Orwell's Dark Visions in '1984' Hit Opera Stage

LONDON -- The creators of a new opera based on the novel "Nineteen Eighty-Four" did not have to work hard to make George Orwell's nightmarish vision of a loveless and brutal world resonate with audiences today.

Technology used for surveillance and control, the denial of personal freedom, Doublethink, Newspeak and a seemingly endless war place a work written in 1948 firmly in the 21st Century.

Lorin Maazel, the American conductor and composer who began working on the opera in 2000, insisted he did not set out to create political theater.

"Five years ago no-one was really thinking in these terms," the 75-year-old told Reuters backstage after a dress rehearsal for Tuesday's world premiere.

"The theme has concurrently become very current and seemingly ever more relevant ... but that was really not our intention."

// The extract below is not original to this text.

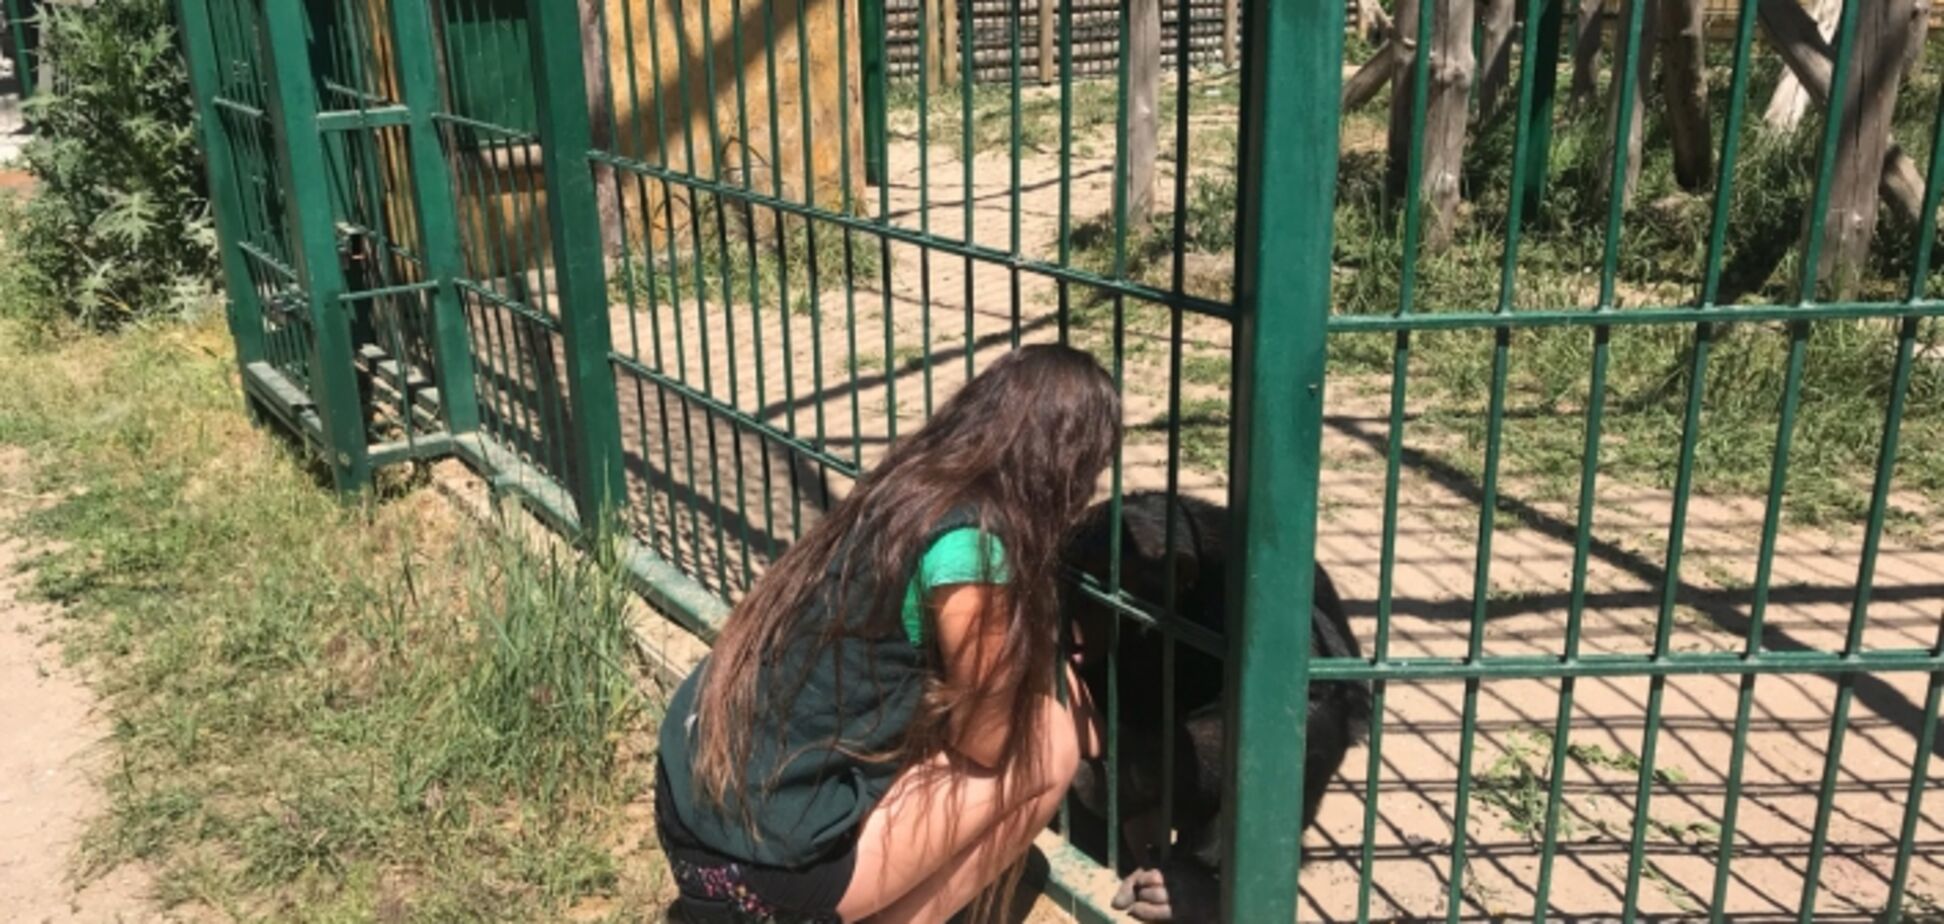 Мавпа 'зізналася' в любові співробітниці зоопарку Бердянська. Відеофакт

There are references placing the action in the present: the sound of helicopters, orange jumpsuits for criminals and an English-American accent for Big Brother. But "1984," the opera, largely sticks to the novel's script.

"We started discussing this project in the year 2000, so it was way before 9/11," said Canadian director Robert Lepage, renowned for his bold and visually inventive productions.

"At that moment we didn't suspect that the piece would resonate in such a strong way in today's world."

Lepage argued that Orwell's work had lost none of its relevance since the fall of Soviet Communism, the totalitarian system with which most readers associate the narrative. Spectators could work that out for themselves, he added.

"You have to have confidence in the intelligence of the audience, you have to trust ... that you don't need to stress or underline anything that has to do with security or terrorism."


The production is high-tech, using giant video images, advanced instruments of torture and perforated steel sets to show that even when characters may feel they are hidden from the prying eyes of the omnipresent state, they can be seen.

There is Room 101, starving rats, bomb attacks, a public hanging and the twisted logic of Doublethink: "War is Peace! Freedom is Slavery! Ignorance is Strength!"

"The story is terrifying and the production looks like Matrix 3," said Maazel, referring to the Hollywood blockbuster trilogy in which humans rebel against a malevolent cyber-intelligence that has created a false version of 20th century life to keep human slaves satisfied.

Maazel said traditional opera-goers could be in for a shock.

But as well as its dystopian horror, at the story's center is a doomed love affair between Winston Smith and Julia, the stuff of classic opera.

"It's not just about political regimes," said Lepage. "It's about intimacy. 1984 is a love story. We are in a non-intimate culture, we're in a culture of spying on everyday life."

Maazel, who conducts the production, has described the music as "kaleidoscopic," blending atonal passages with a national anthem, love arias and nods to times past; barber shop quartets and blues.

He is philosophical about how 1984 will be received by critics, but already there are rumblings that the opera, which Maazel partly funded himself, is little more than a "vanity project" for a venerated conductor.

Maazel is unapologetic, arguing that works like 1984 are likely to attract a broader, younger audience to an art form often dismissed as irrelevant and elitist.

"There is no way of defending a tradition unless one renews it," he said.

"If this opera in its modest way reaffirms other people's conviction that the art form is viable and relevant to today's world, we will all feel that we've made an important contribution."